Project aimed to provide set of utilities to scrape some useful information from UpWork. I develop it according to my personal need but if you have an idea feel free to create an issue.

full_data_parser.ipynb

It's a ipython notebook with some data analysis. I am planning to add more analysis here, but at this point correlation analysis was made (the bigger the absolute value of the coefficient the better):

data.combinedTotalEarnings            0.015510
data.combinedTotalRevenue             0.016040
data.hourlyRate.amount               -0.418419
data.nss100                          -0.622634
data.recno                            0.262488
data.totalFpJobs                     -0.209804
data.totalHourlyJobs                 -0.363204
data.totalHoursBilled                -0.297878
data.totalPassedTests                -0.291060
data.totalPortfolioItems             -0.055847
page                                  0.999421
rank                                  1.000000

As you can see your earnings (data.combinedTotalEarnings and data.combinedTotalRevenue) and number of items in your protfolio (data.totalPortfolioItems) do not affect your rank a lot. Your success score (data.nss100) is the most valuable parameter in terms of your rank.

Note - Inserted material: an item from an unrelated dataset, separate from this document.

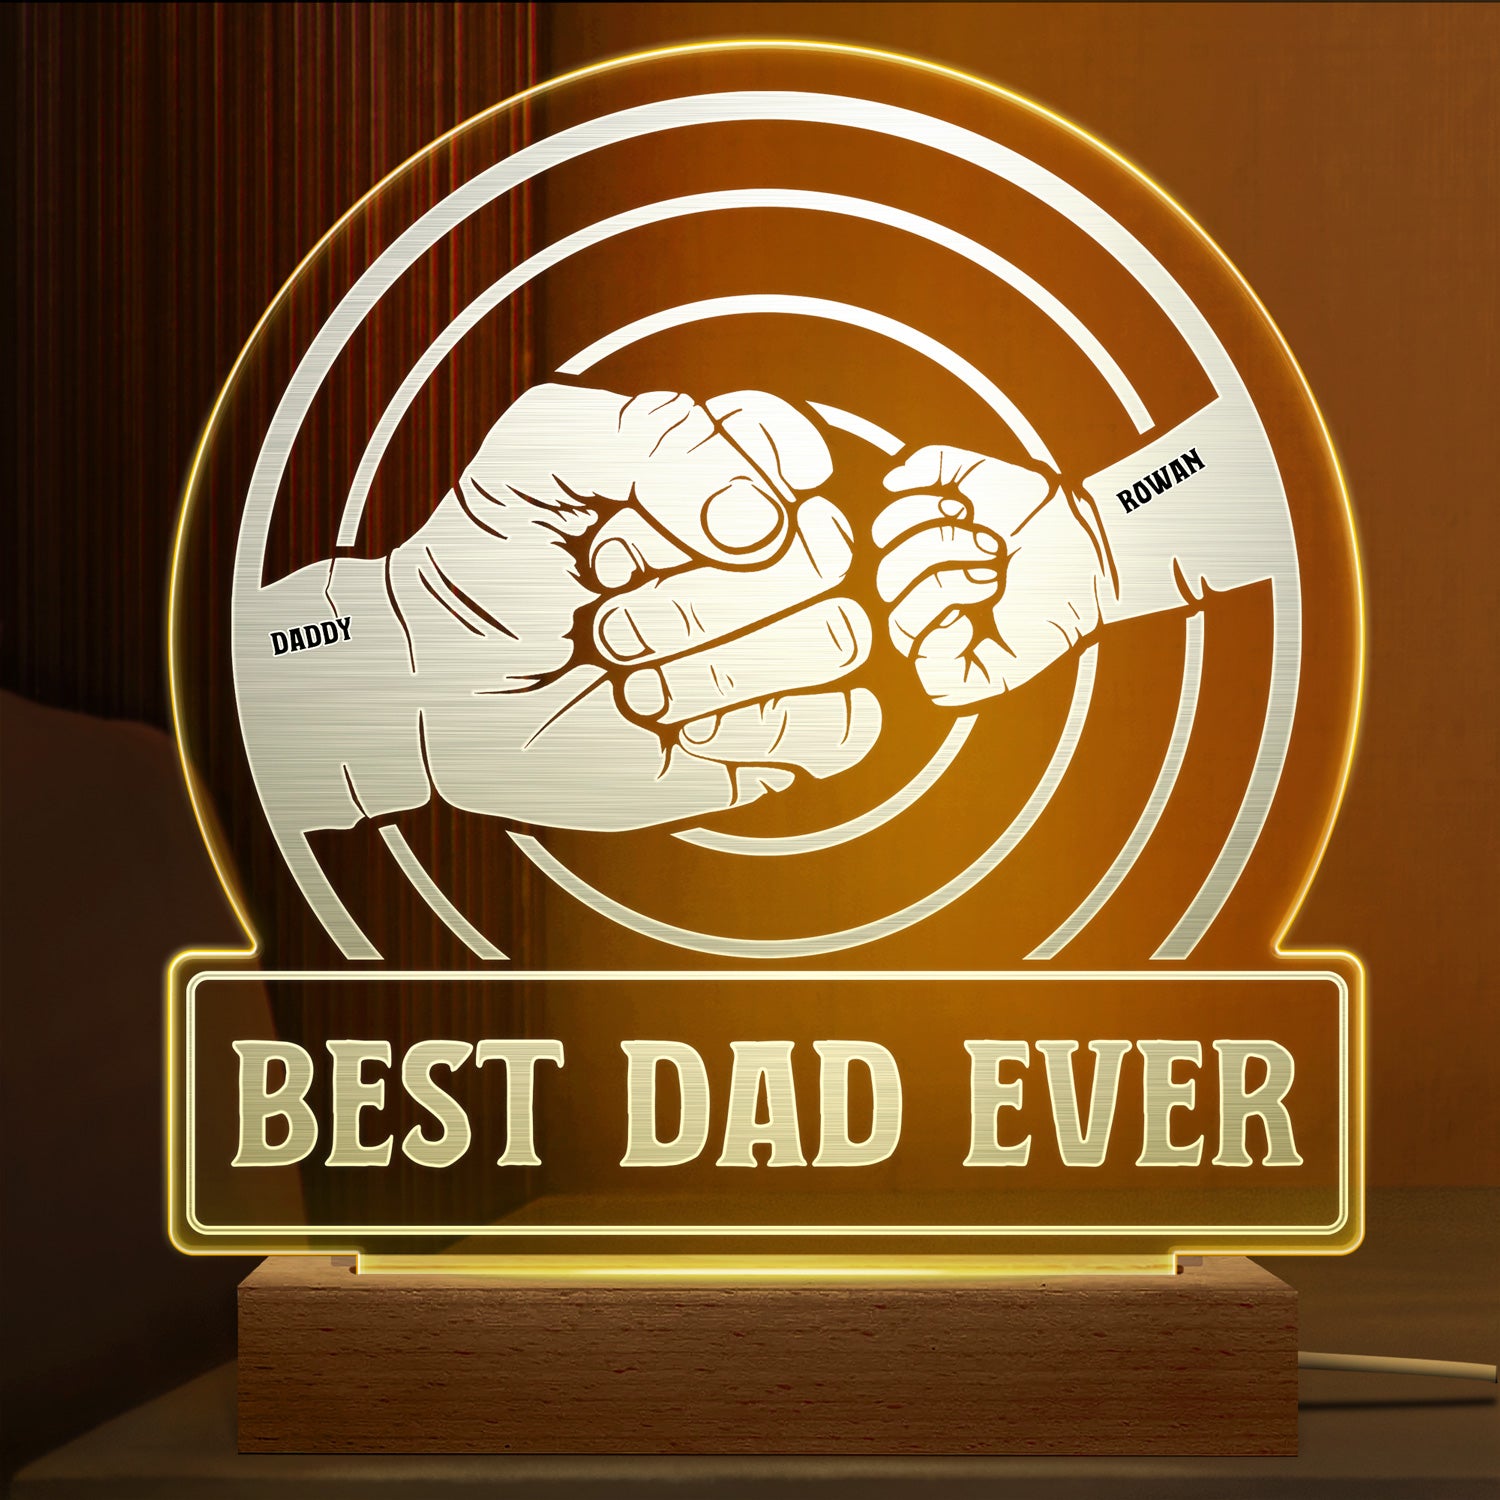 Best Dad Ever - Birthday, Loving Gift For Father, Grandpa, Grandfather - Personalized Custom 3D Led Light Wooden Base

UpWork values fixed-price jobs (data.totalFpJobs) more than hourly-paid jobs (data.totalHourlyJobs). And the number of your hourly-paid jobs (data.totalHourlyJobs) is more imortant than how many hours you worked (data.totalHoursBilled).

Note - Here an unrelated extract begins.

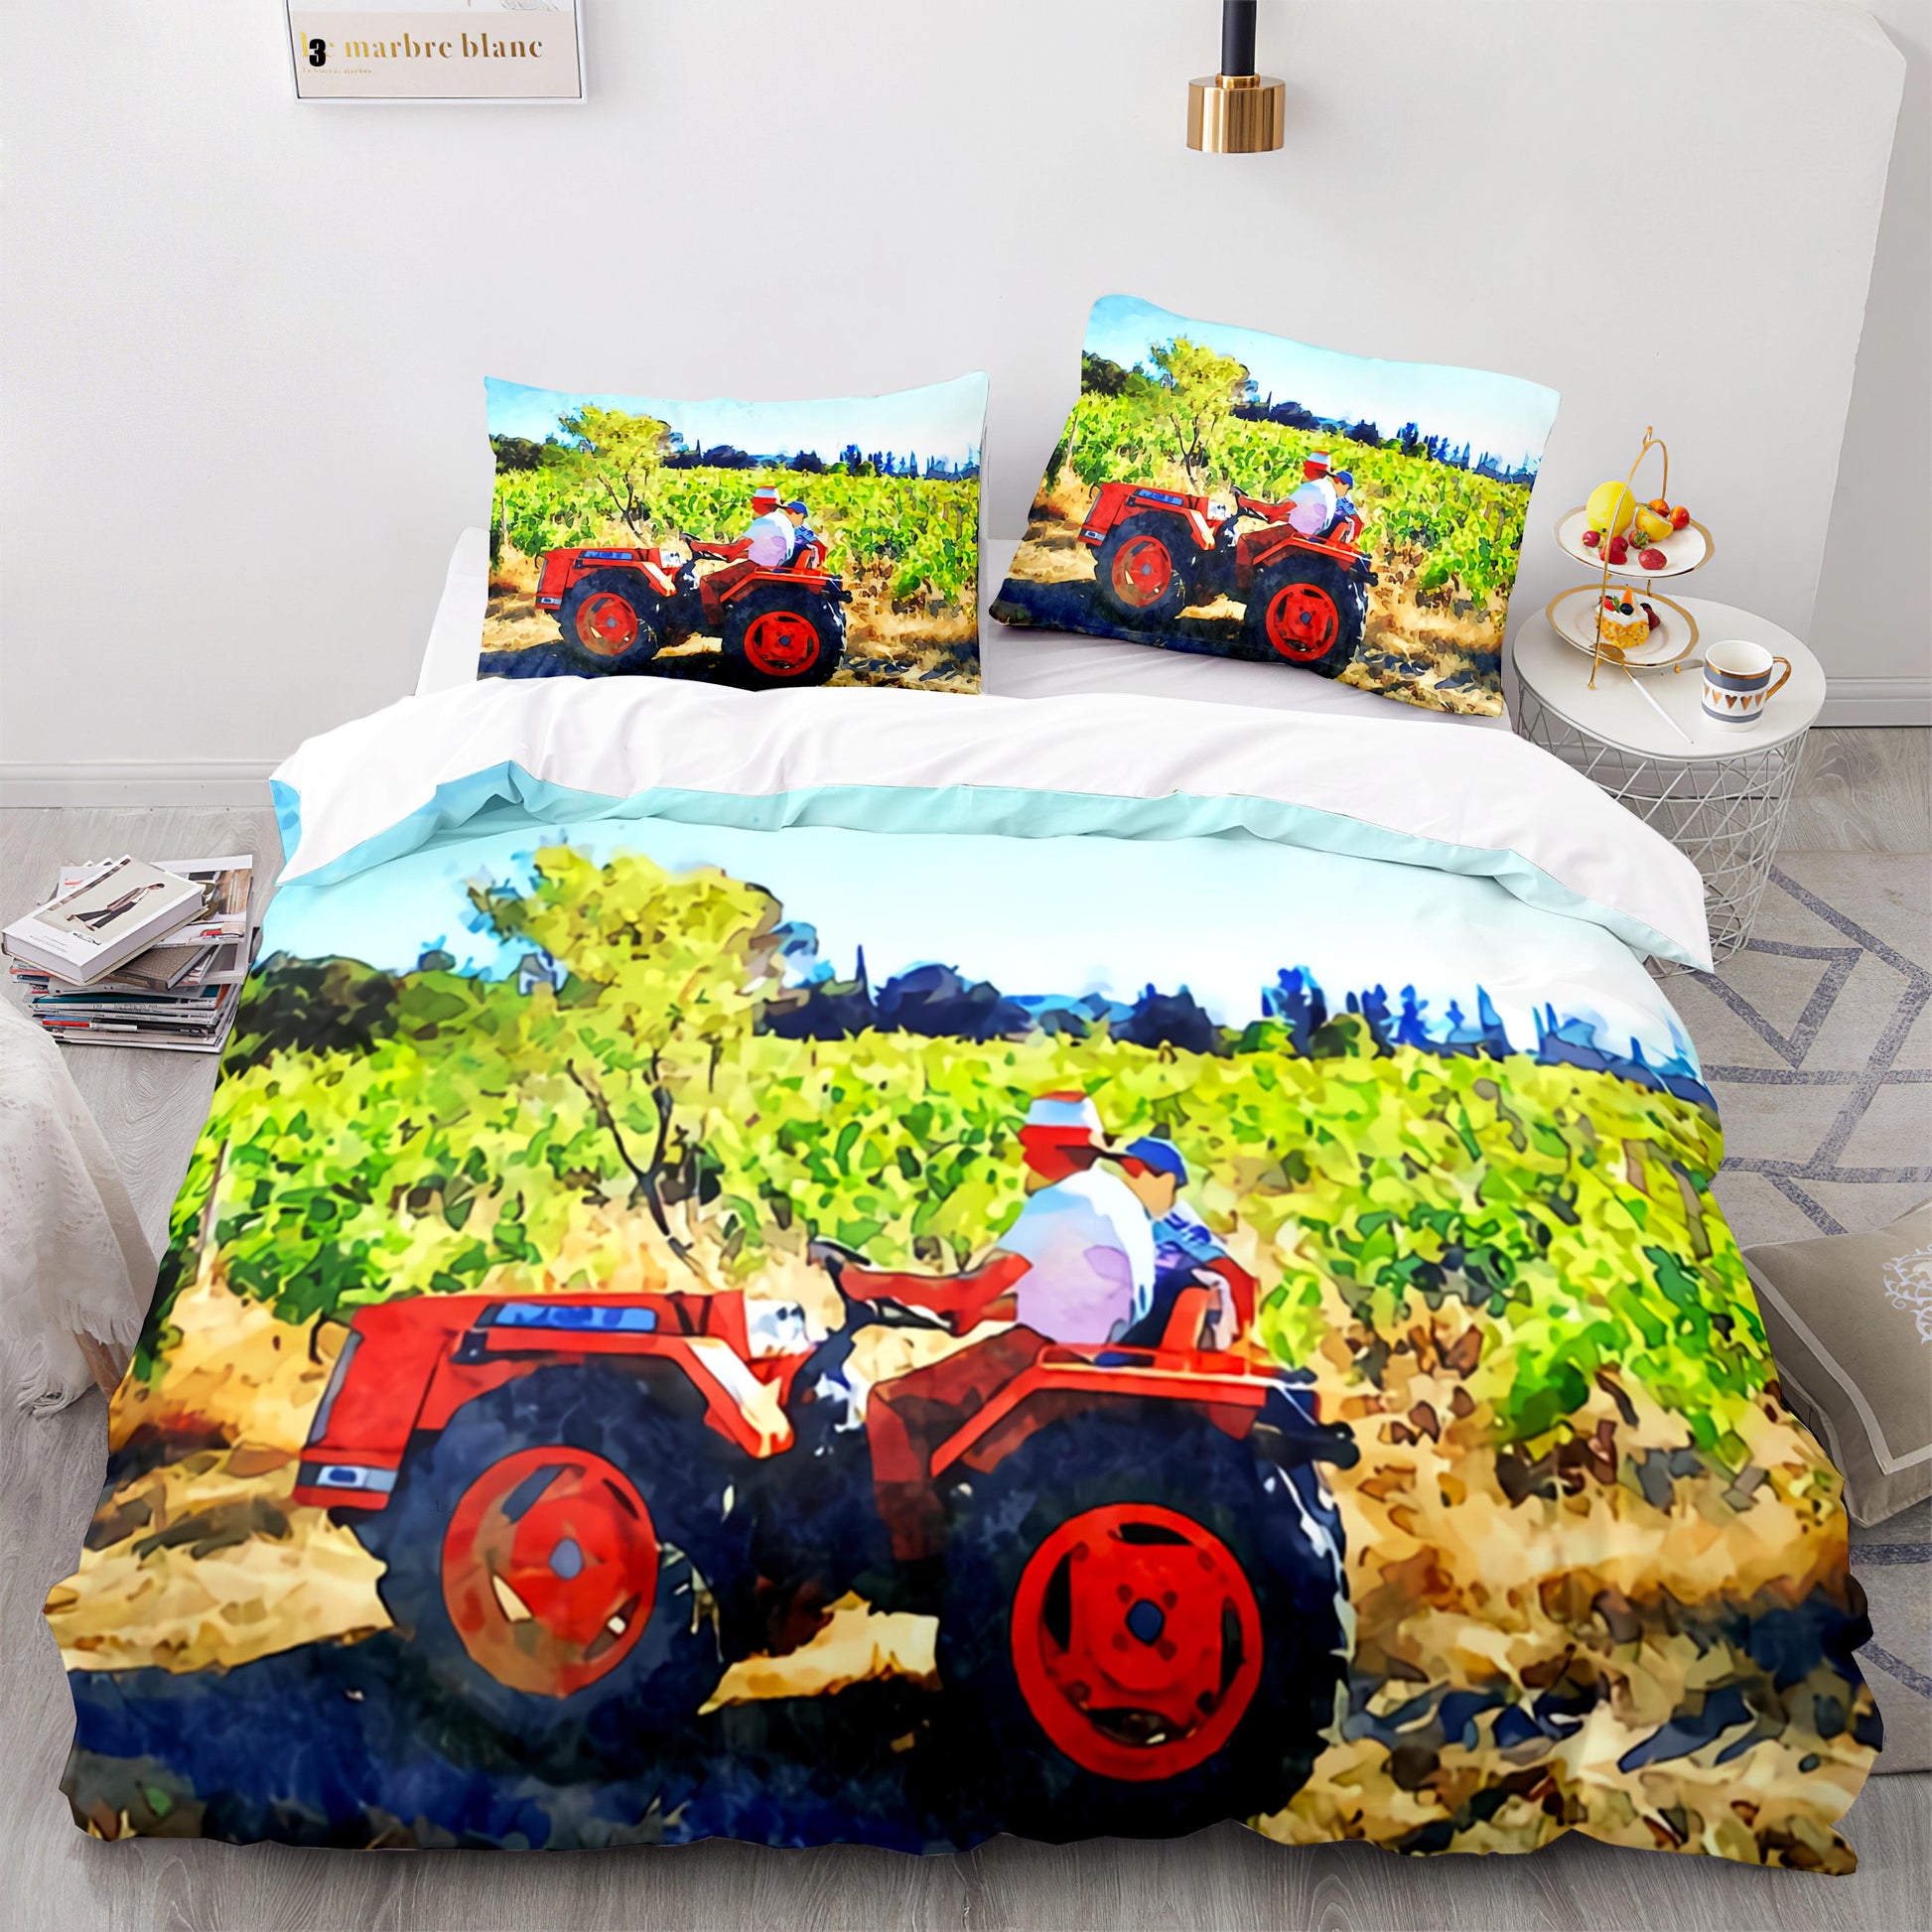 Paysan tractor duvet cover

The surprise to me that the number of tests passed (data.totalPassedTests) is as important as your hours billed (data.totalHoursBilled). But when the correlation coefficient module is so small we cannot be sure enough. Nevertheless I am going to try to pass more tests.

Your hourly rate (data.hourlyRate.amount) also has a big correlation but it is a consequence of your rank not a reason (I hope). It is fun to notice that your id (data.recno) also matters, but I believe in the least.

Visualisation

There are scatter plots and histograms for all columns correlation of rank was calculated with. Here is the example of scatter plot (rank is on Y axis and your success score (data.nss100 ) is on X axis):

Success score scatter plot

Here is the histogram of the number of passed tests:

Passed tests histogram

my_rank_for_query.py

It's a simle scraper that helps you to determine your place (rank) in UpWork freelancers search in terms of particular query. Here is an example of how to check the rank of my agency on UpWork (blue underlined link):

> scrapy runspider -a profile_id="~0140676ee0e4006401" -a query="telegram bot" -a page_limit=10 -o telegram_bot.json my_rank_for_query.py
2018-10-23 19:45:55 [scrapy.utils.log] INFO: Scrapy 1.5.1 started (bot: scrapybot)
...
2018-10-23 19:45:58 [scrapy.core.engine] INFO: Spider closed (Your profile rank is 26. You are at page 3: https://www.upwork.com/o/profiles/browse/?q=telegram+bot&page=3)

Let's go to the link and check the results (I recomend you to be logged out and use incognito mode of your browser): https://www.upwork.com/o/profiles/browse/?q=telegram+bot&page=3

profile_id

You should use your agency profile_id if your are agency freelancer otherwise you should use your personal profile_id. You can get profile id from these links:

Personal link

Here is my personal profile: https://www.upwork.com/freelancers/~01b101e9259c8483ee
Personal link

Agency link

Here is my agency profile: https://www.upwork.com/companies/~0140676ee0e4006401
Since I am an agency freelancer I am using it as a parameter for the scraper.
Agency link

query

query is a search query what you want to check, telegram bot e.g.

page_limit

UpWork limits the page number at 500 although there maybe more freelancers. But if you don't want to scrape so many pages you can use page_limit parameter.

Ouput

In addition to determining your place in the search results scraper also saves some data about all scraped freelancers in the output file. Here it is telegram_bot.json.